DBSTAT docs example potentially misleading
(1) By mlin (dnamlin) on 2021-06-02 13:05:24 [link] [source]
The DBSTAT docs conclude with this cool example to measure contiguity of the database file.
CREATE TEMP TABLE s(rowid INTEGER PRIMARY KEY, pageno INT); INSERT INTO s(pageno) SELECT pageno FROM dbstat ORDER BY path; SELECT sum(s1.pageno+1==s2.pageno)*1.0/count(*) FROM s AS s1, s AS s2 WHERE s1.rowid+1=s2.rowid; DROP TABLE s;
I don't think this is a good measurement if the database has multiple large btrees, because
path is not prefixed by the btree name/id. So the
s table ends up with colliding paths interleaved from different btrees, which most all then count against the contiguity, even after a fresh vacuum. The measurement as written is therefore pessimistic (possibly, extremely so).

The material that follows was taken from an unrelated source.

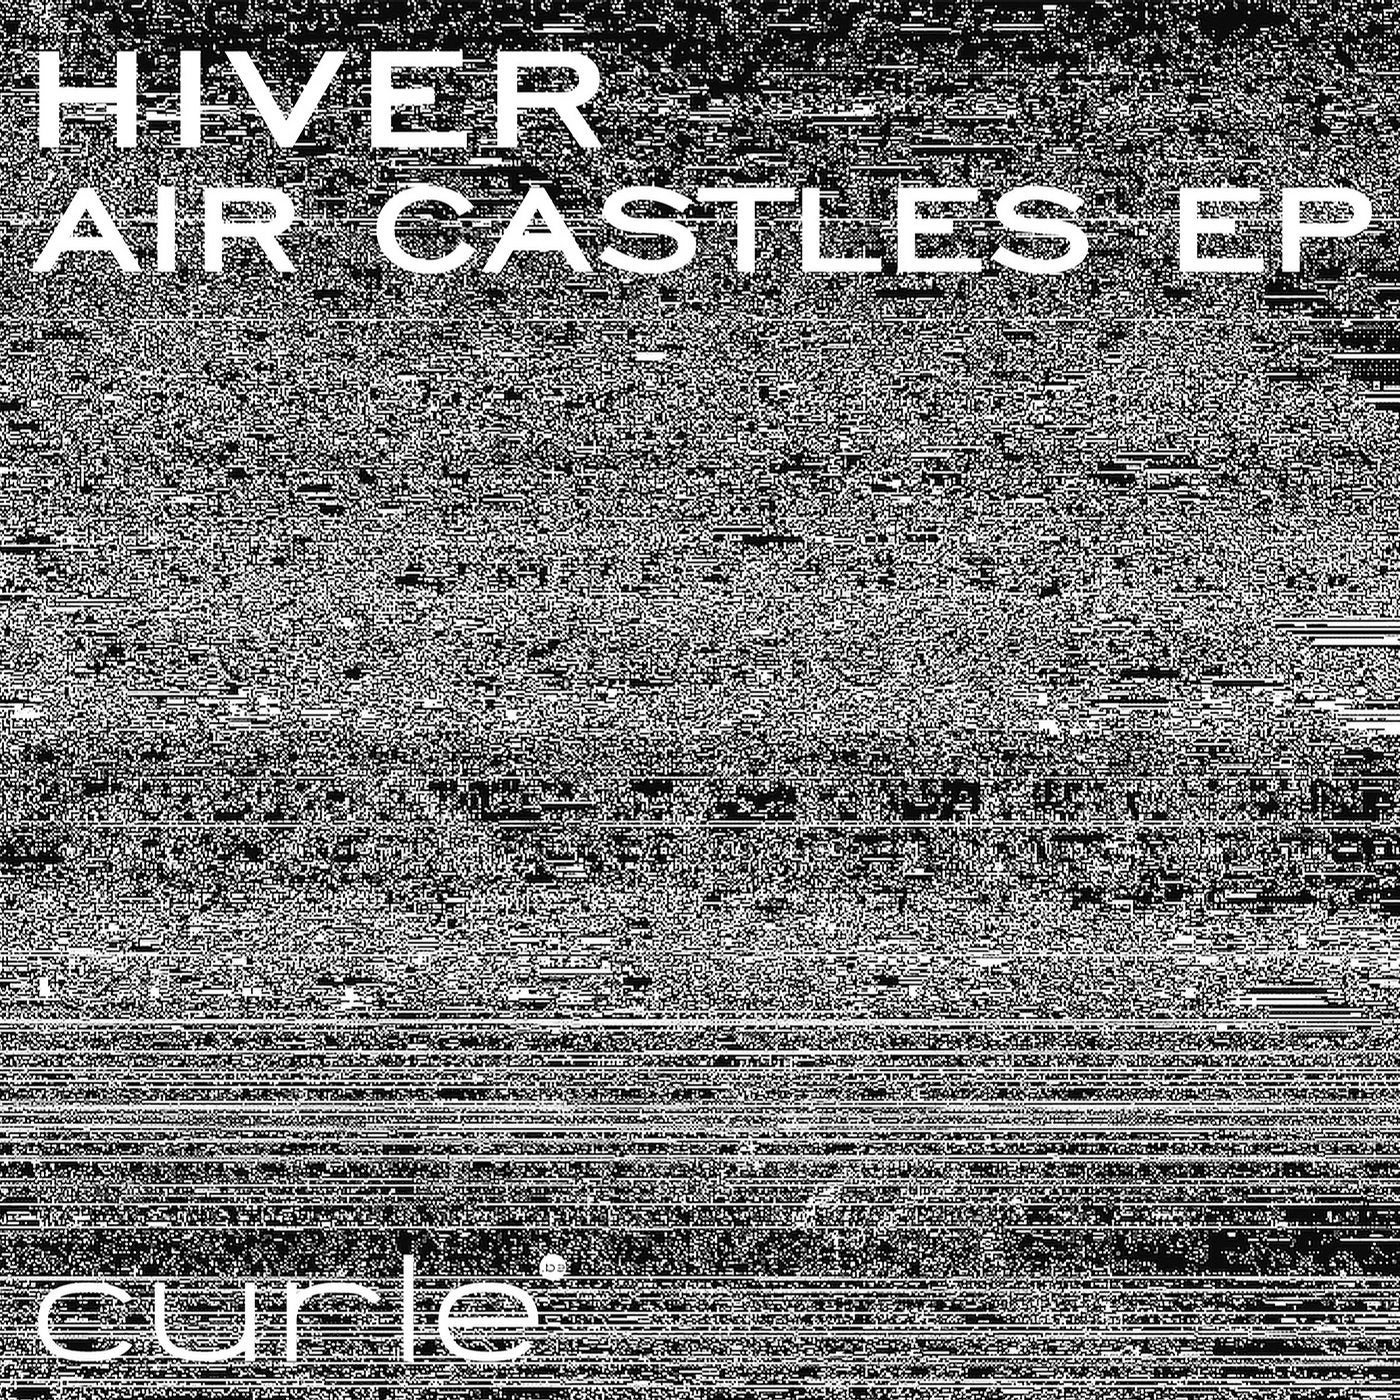 Air Castles EP
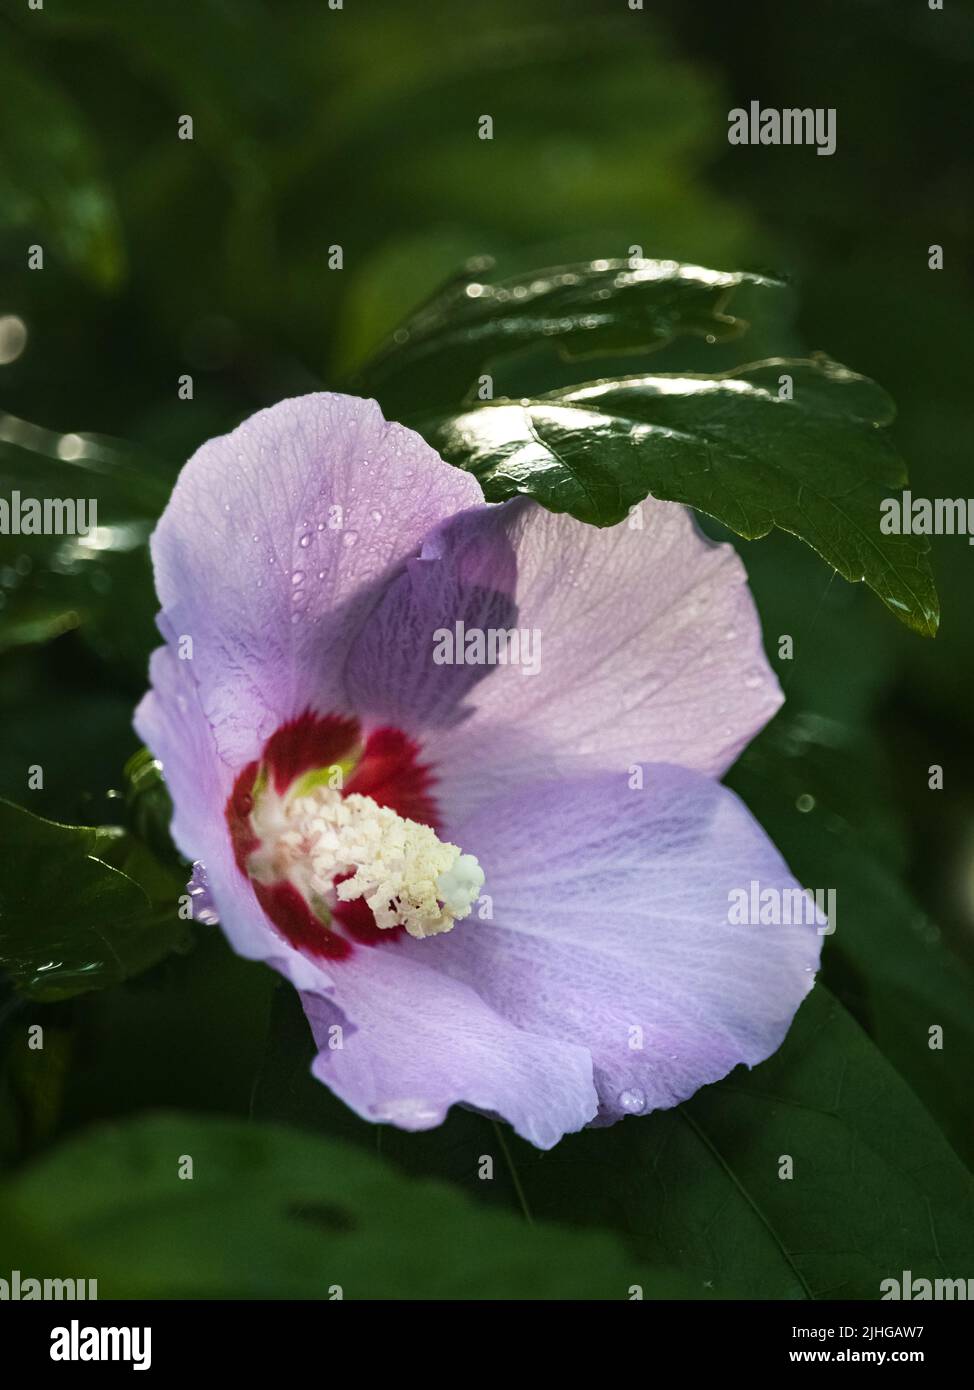 Rosa o púrpura Rosa de Sharon flores, Hibiscus syriacus, sobre un fondo verde oscuro y exuberante bajo la luz del sol en verano o otoño, Lancaster, Pennsylvania Foto de stock

I have a big database that gets reported as only 60% contiguous by the above algorithm, but if I modify it to look at one btree at a time, actually each one is almost perfect!
(2) By mlin (dnamlin) on 2021-06-03 00:35:44 in reply to 1 [source]
tl;dr the example should say
ORDER BY name, path instead of just
ORDER BY path